Но Тилле прервал нас:
– За рубежом бывали?
– В Турции и Чехии.
– Чем там занимались?
– Работала, – неуверенно сказала она и тише добавила: – На полях.
Тилле, посмотрев на ее холеные руки, поморщился:
– Руки что-то не очень для сельских работ…
– Давно было. Зажили, – она спрятала ладони между колен.
Тилле опять углубился в паспорт и спросил в конце концов:
– У вас виза была в Чехию на три месяца, а вы уехали оттуда через три недели. Почему?
– Начальник домогался… Сексуально, – ответила Оксана, уводя глаза в сторону.
– Просили там убежище?
– Там?.. А чего там просить?.. Там жизнь не особо лучше, чем у нас.
Тилле закончил осмотр паспорта, переложил бумаги по столу, перешел к другой теме:
– Как попали в Германию? Когда?
Оксана рассказала, что на поезде поехала в Москву, работу искать, жила там у подружки, один раз в Ленинград смотались: «В этом, как его… соборе Исаака… ну, где маятник болтается, была…» – там случайно познакомилась с одним немцем, он тоже из Москвы на день на экскурсию приехал, по-русски немного балакал; вместе на «Красной стреле» в Москву вернулись, в купе выпили, она ему всю свою жизнь рассказала, он и посоветовал: «Езжай, мол, в Германию, там тебе помогут!» – и помог.
Эта информация очень заинтересовала Тилле. Он выключил диктофон и спросил, знает ли она адрес, телефон и имя этого благодетеля и чего тот требовал за свою помощь.
– Переспать, наверно, что еще? – вполголоса предположил я, не дожидаясь ответа, но Тилле настойчиво повторил:
– Нет, нет, спросите. Может быть, он ее для проституции выписал. Такие случаи очень часты. И за такие вещи его посадить надо. Торговля людьми!
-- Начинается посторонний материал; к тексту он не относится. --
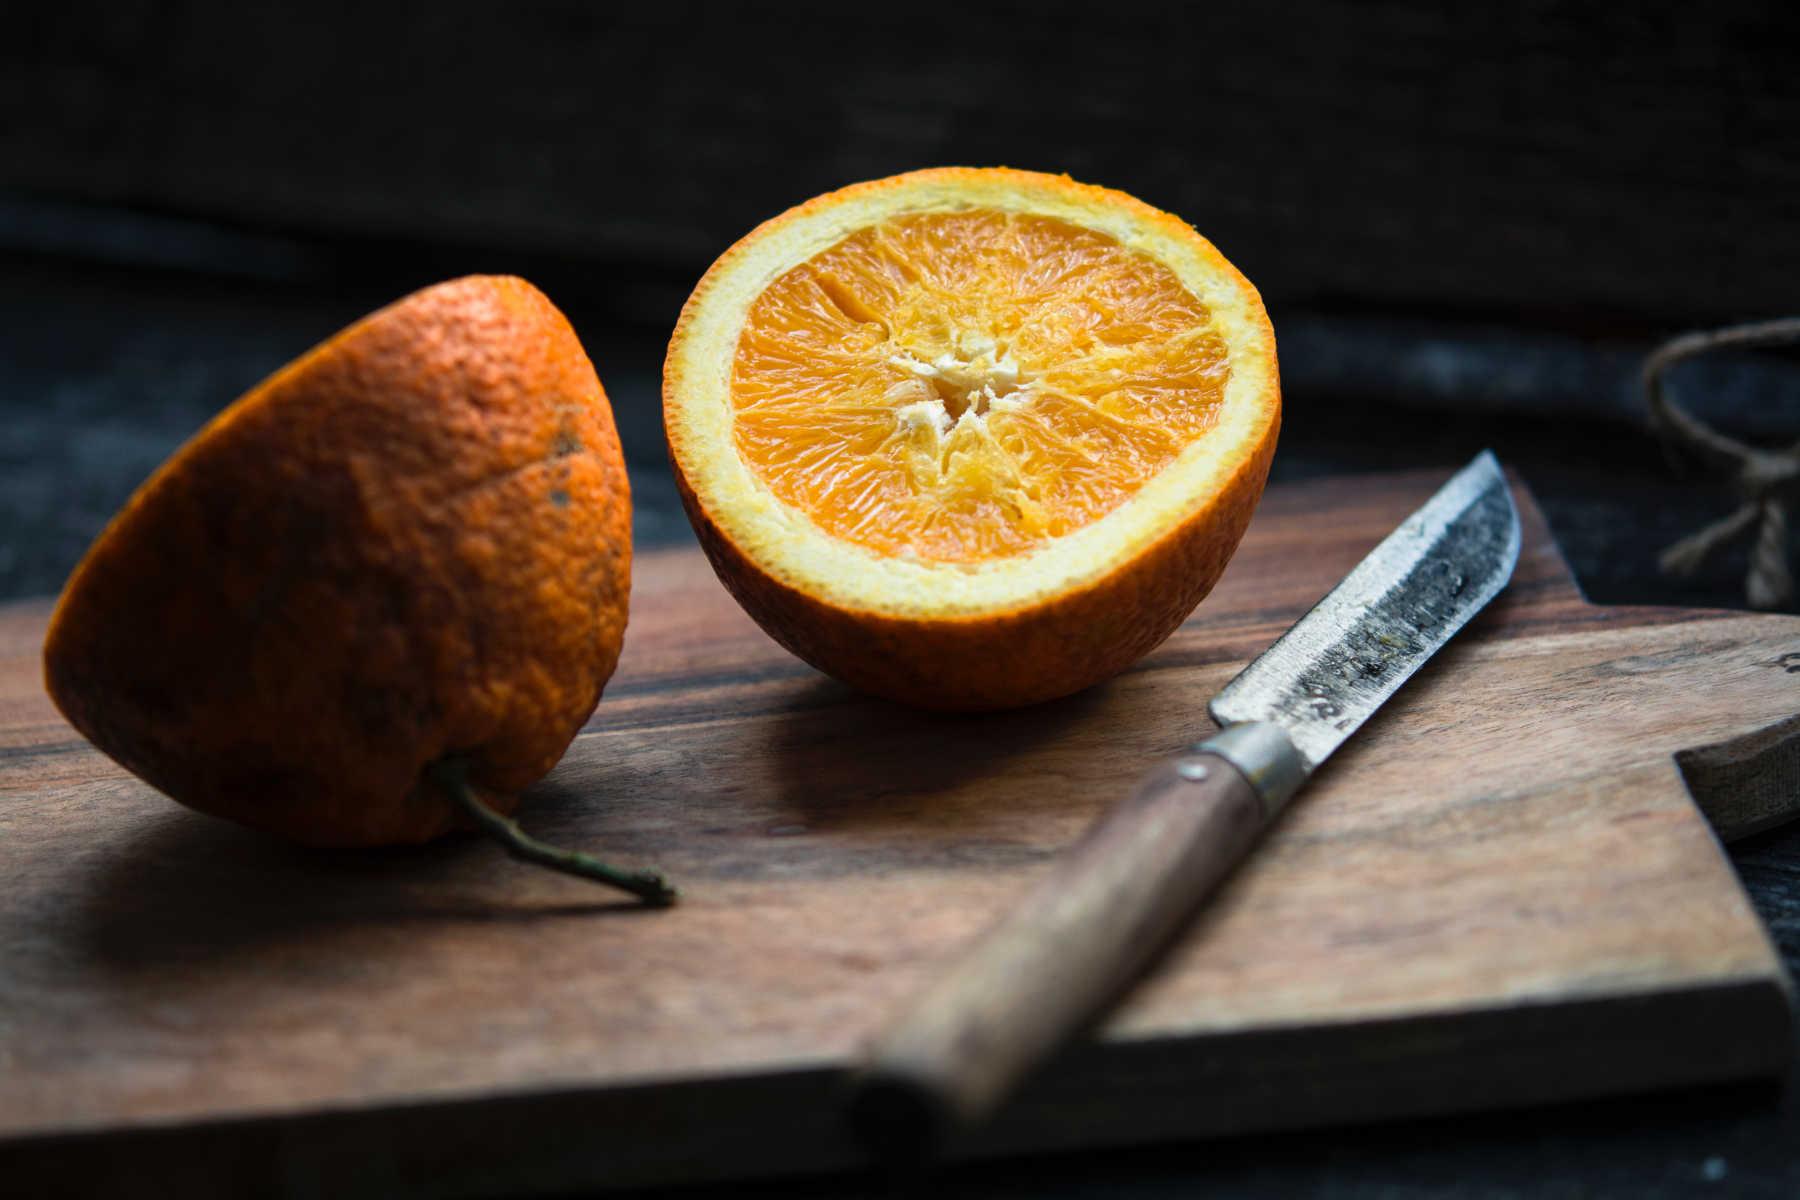 Les bienfaits des oranges contre la dégénérescence maculaire

Но Оксана ответила, что немец Гюнтер, телефон и адрес неизвестны, ничего от нее не требовал, после поезда позвонил и пригласил в ресторан, был очень вежлив, танцевал с ней вальс, на другой день взял паспорт, зашел в посольство и сделал визу на Германию, ничего за это не требуя… ну, почти ничего…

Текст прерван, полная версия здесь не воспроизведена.